When Aucklanders marvel at the cumulus clouds soaring up into the sky to catch the last colours of the day, and their lives are filled with wonder, joy and the smell of salt, you know that their architecture has set them free. When Aucklanders stand on top of a volcano with the wind blowing through their hair and their view across the isthmus is unimpeded by the urban growth strategy you know that urban design really is more than a catch phrase. Before the planners came along Auckland was the most beautiful site in the world for a city.
 
With an astonishing site, and a "vibrant" community, it would seem that all the ingredients for a great city are at hand. Not so.
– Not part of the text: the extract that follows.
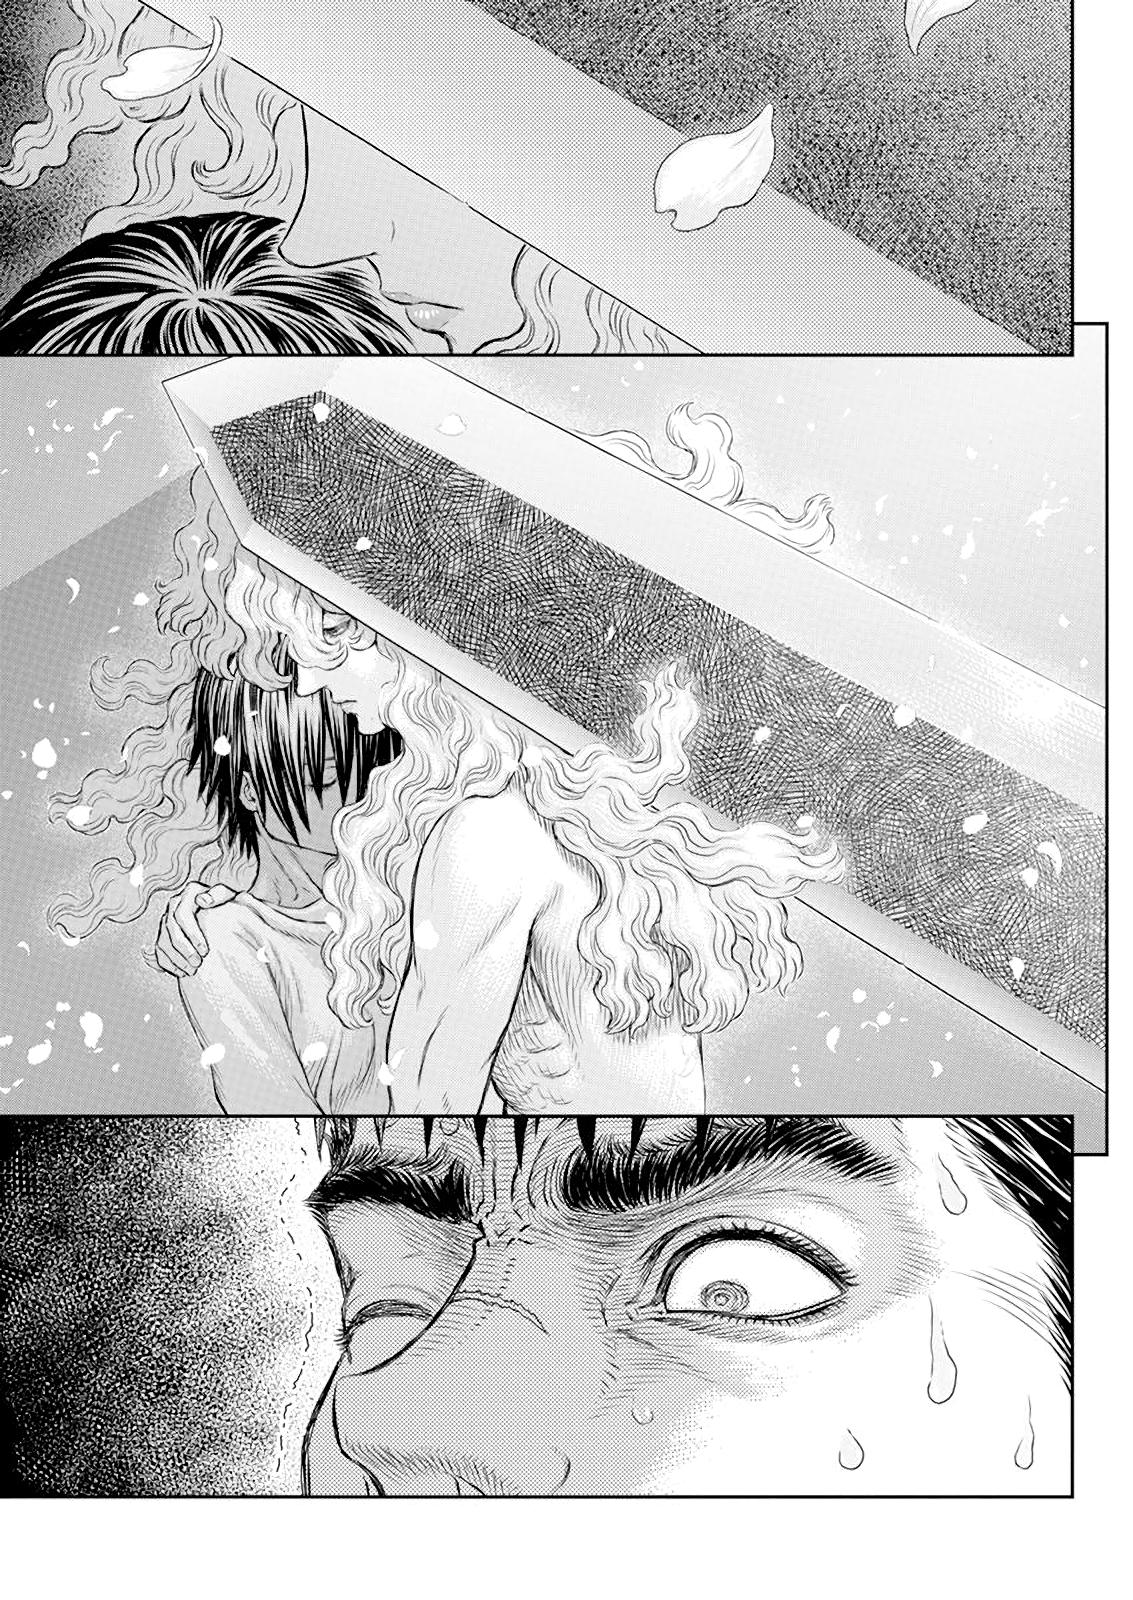 Berserk Manga Chapter 367 image 09

Process is important too.
 
A sculptor like Michaelangelo could look within a block of marble and set Moses free. A lesser sculptor will do a design, write a specification, get a permit, comply with the regulations, collect a fee, even win some awards, and then go off searching for a block of stone to batter into an intellectually pre-determined shape. When the process in place for the Tank Farm is the same as the process which resulted in the Railway Land urban design disaster we can only presume that the results will be similar. Magnificent dreams morphing into tacky burger bars.
 
The big decisions have been made by default. Everyone seems to have agreed without thinking about it that the Tank Farm should become another architectural corpse. Now, it seems, it only remains to design the best possible corpse. If we do as well as Canberra we know that it will then only take a few hundred years for the maggots to make something useful out of the world-class urban design.
 
The Venetians must turn over in their graves as tourists come to look and admire, but fail to learn anything about their urban design process. Imitating a product misses the point.
 
However there is hope. At least another great seafaring city like Auckland has the potential to understand that building community comes before building a city.
 
Tony Watkins
 

Tony Watkins was the urban designer responsible for locating the dredge wheel sculpture at the tip of Tank Farm to symbolise the way in which real people doing a real job for a real purpose can also effortlessly, and for no cost, produce great works of art.
 

Tihei Mauri Ora - The breath of life
 
More than good design is needed to breathe life into an architectural corpse, suggests urban designer Tony Watkins.